Por Jeffis Carvalho
A Barragem Igarapé Mutum não tem vertedouro. Exatamente o que você leu: uma estrutura que retém milhões de litros d’água, erguida sobre terra amazônica, não possui o dispositivo básico para escoar o excesso de água com segurança. Desde fevereiro de 2024, ela pisca em vermelho no mapa de risco de Rondônia — um sinal de alerta que o procurador do Ministério Público Federal (MPF) André Porreca, do 2º Ofício da Amazônia Ocidental, não consegue tirar da cabeça.
“A estabilidade das barragens não é apenas uma exigência técnica, mas uma obrigação legal e moral com a proteção da vida, do patrimônio e do meio ambiente”, diz Porreca, escolhendo cada palavra como quem carrega o peso de prevenir tragédias que já viraram cicatrizes na memória nacional.
Mariana. Brumadinho. Os nomes ecoam como advertências.
A Batalha de Ariquemes
Em Ariquemes, a CooperMetal se tornou o símbolo de uma queda de braço que se arrasta há quase uma década. Foi em 2016 que o Ministério Público Federal abriu o primeiro inquérito. Irregularidades foram identificadas. Prazos foram dados. Promessas foram feitas. E as correções? Vieram pela metade, em prestações, como quem paga uma dívida sempre adiando o saldo final.
Duas recomendações do MPF em 2023. Junho de 2024 chegou e as irregularidades persistiam, teimosas como a burocracia que parece protegê-las. A Agência Nacional de Mineração (ANM) havia concedido prorrogações, aceitando “justificativas técnicas e econômicas” — o tipo de linguagem que transforma urgências em processos administrativos.
Mas o MPF não estava mais para jogo. Moveu ação civil pública contra a CooperMetal, a NBF Mineração e a própria ANM. Três barragens sob responsabilidade de cooperativas — Igarapé Mutum, Rio Santa Cruz e Jacaré Médio — foram embargadas. A mensagem era clara: não há mais espaço para meio-termo quando se trata de estruturas classificadas como de risco e dano potencial médios desde 2022.
Houve vitória parcial: em 27 de dezembro de 2024, uma das barragens foi descaracterizada. O inquérito foi arquivado.
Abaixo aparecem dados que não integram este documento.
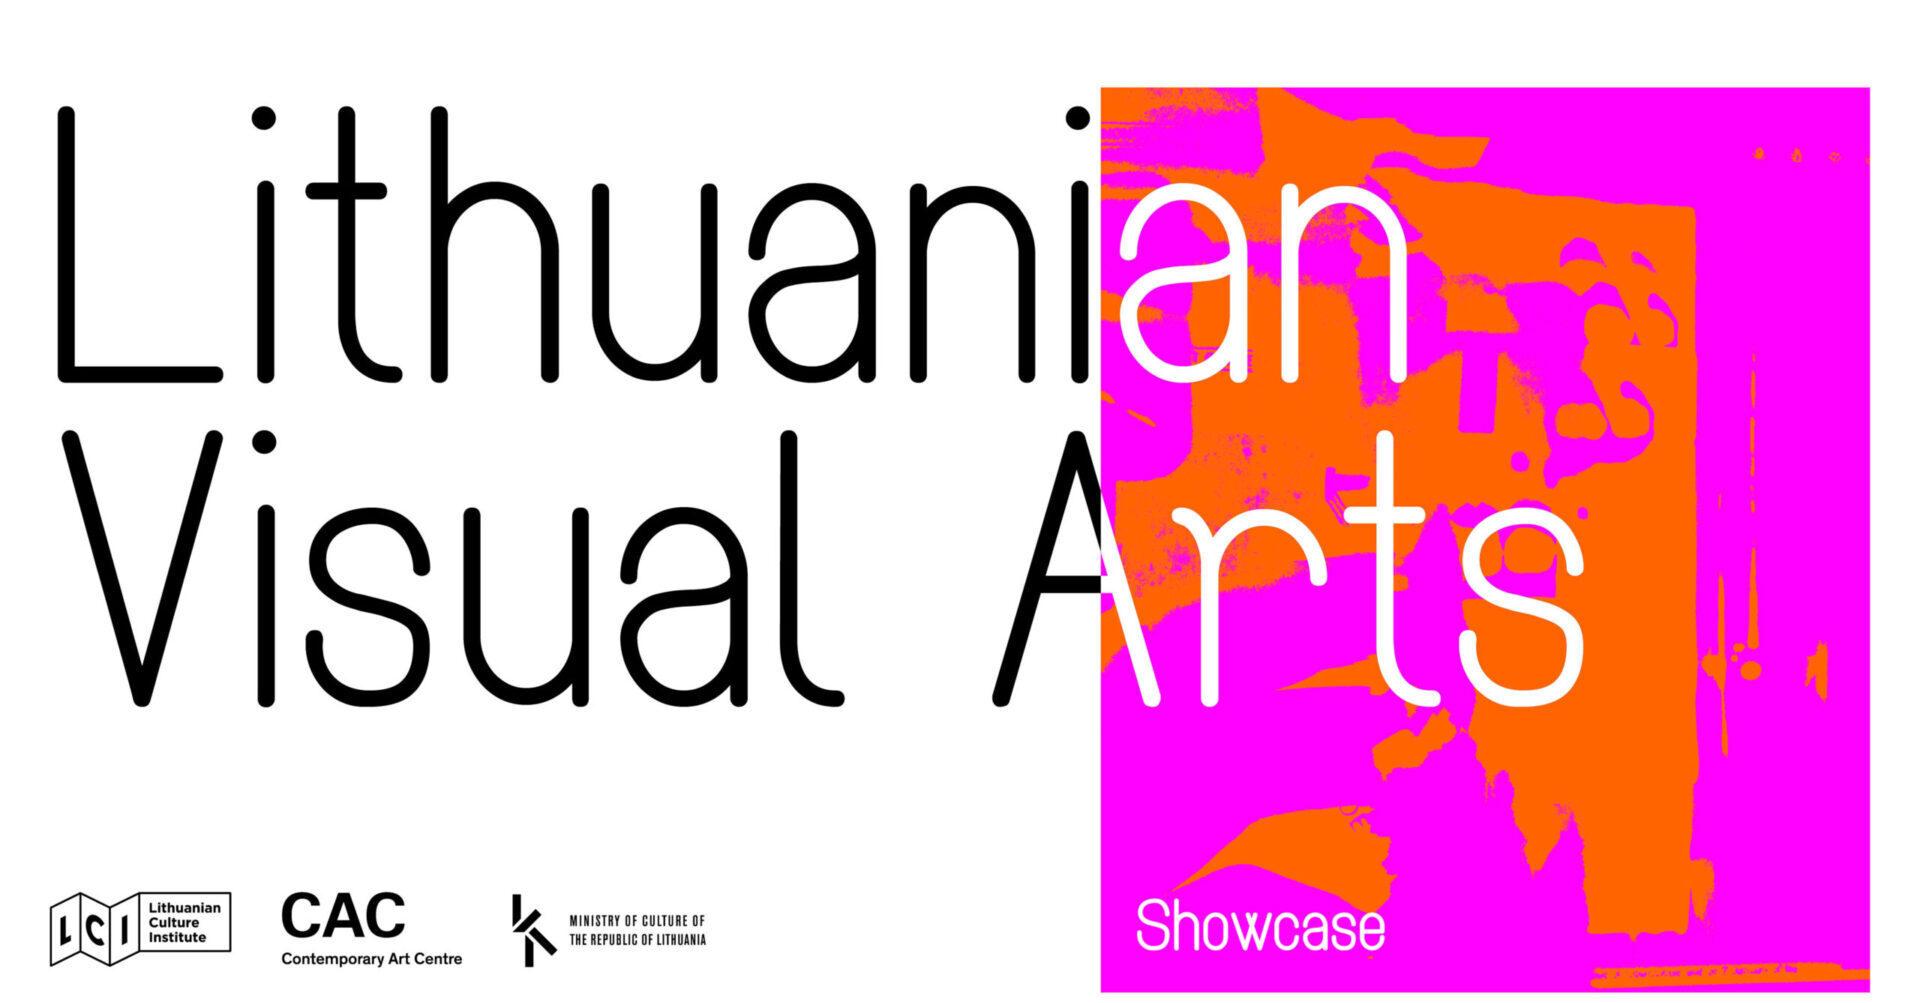 Lithuanian Visual Arts  Showcase

Mas duas ainda permanecem no mapa da preocupação.
O Complexo do Madeira Acorda
No Complexo do Rio Madeira, onde as gigantescas usinas de Jirau e Santo Antônio bombeiam energia para o país, algo começou a mudar. Depois de cinco anos de pressão iniciada em 2019, o MPF finalmente viu seus Planos de Ação de Emergência (PAE) saírem do papel.
Elaborados em 2023, testados em 2024. Protocolos de evacuação, sistemas de alerta, mapeamento de áreas de risco — toda a engenharia burocrática necessária para que, se o pior acontecer, a tragédia não seja amplificada pelo despreparo.
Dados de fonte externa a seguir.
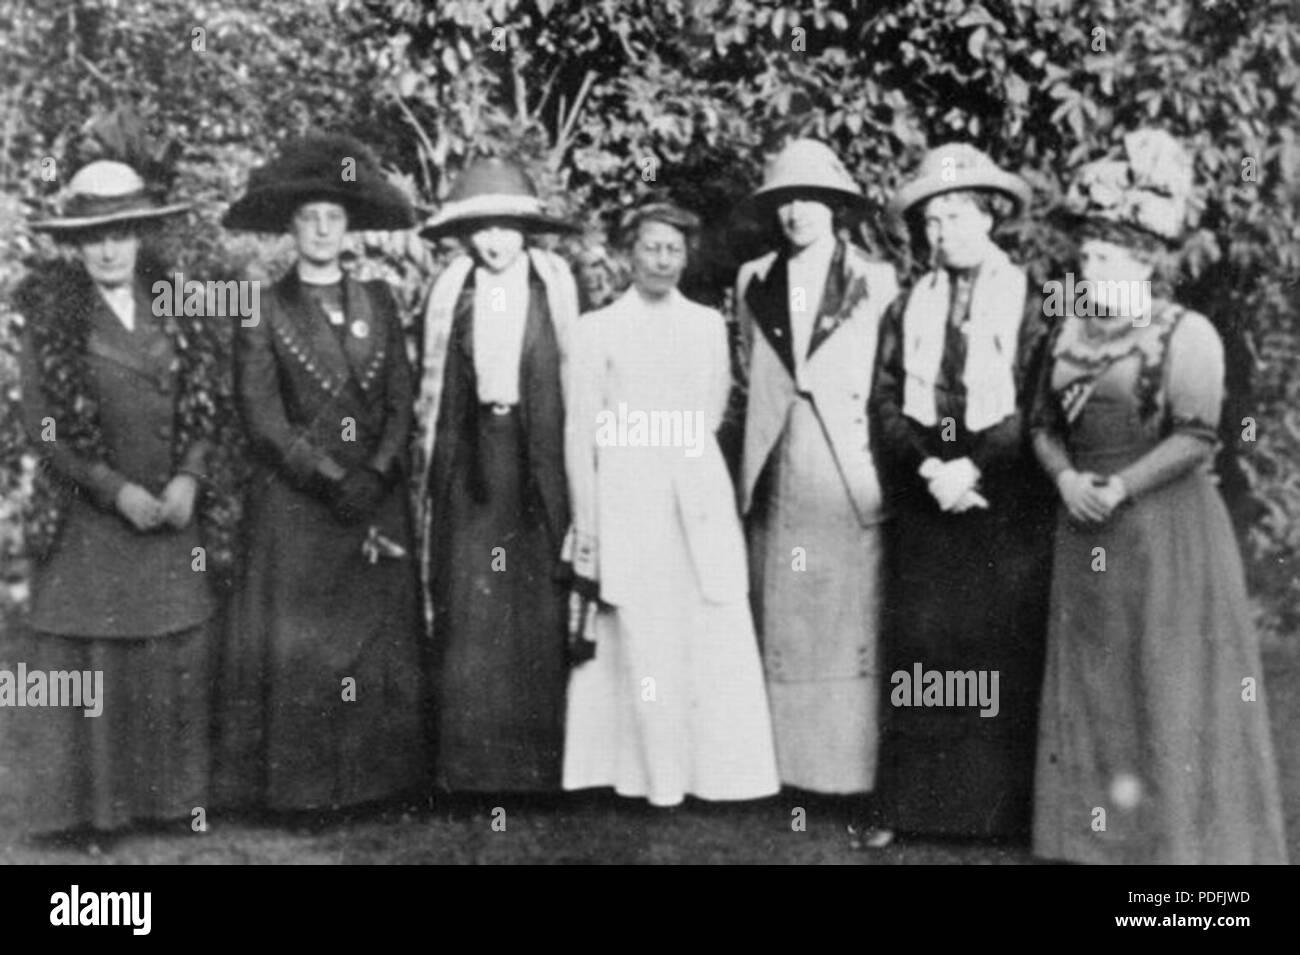 151 Helen Crawfurd, Janet Barrowman, Margaret McPhun, Frau A.A. Wilson, Frances McPhun, Nancy A. John und Annie Swan Stockfoto

A Declaração de Condição de Estabilidade (DCE) virou moeda de troca: sem ela, interdição e multa. O documento que atesta a segurança das estruturas deixou de ser apenas mais um papel numa gaveta para se tornar condição de operação.
2025: Ano da Prestação de Contas
Este é o ano da COP30 em Belém. Os holofotes do mundo estarão sobre a Amazônia. E Rondônia não quer entrar para a história como o estado que ignorou os avisos.
A proibição nacional de barragens construídas pelo método a montante — aquele mesmo que condenou Brumadinho — veio em 2019 pela ANM e ganhou força de lei federal em 2020. A Política Nacional de Segurança de Barragens foi fortalecida no papel. Agora o MPF a faz valer na prática, barragem por barragem, inquérito por inquérito.
Em Ariquemes, a Igarapé Mutum continua sem vertedouro adequado. Mas pela primeira vez em anos, há quem esteja vigiando cada dia de atraso, cada justificativa técnica, cada prorrogação concedida.
O procurador Porreca sabe que fiscalizar barragens não é apenas sobre concreto e cálculos hidráulicos. É sobre a diferença entre um sistema de alerta que funciona e famílias soterradas pela lama. Entre prevenção e luto coletivo.
A questão agora é simples, direta, inadiável: Rondônia vai aprender com as tragédias alheias ou vai esperar ter as suas próprias?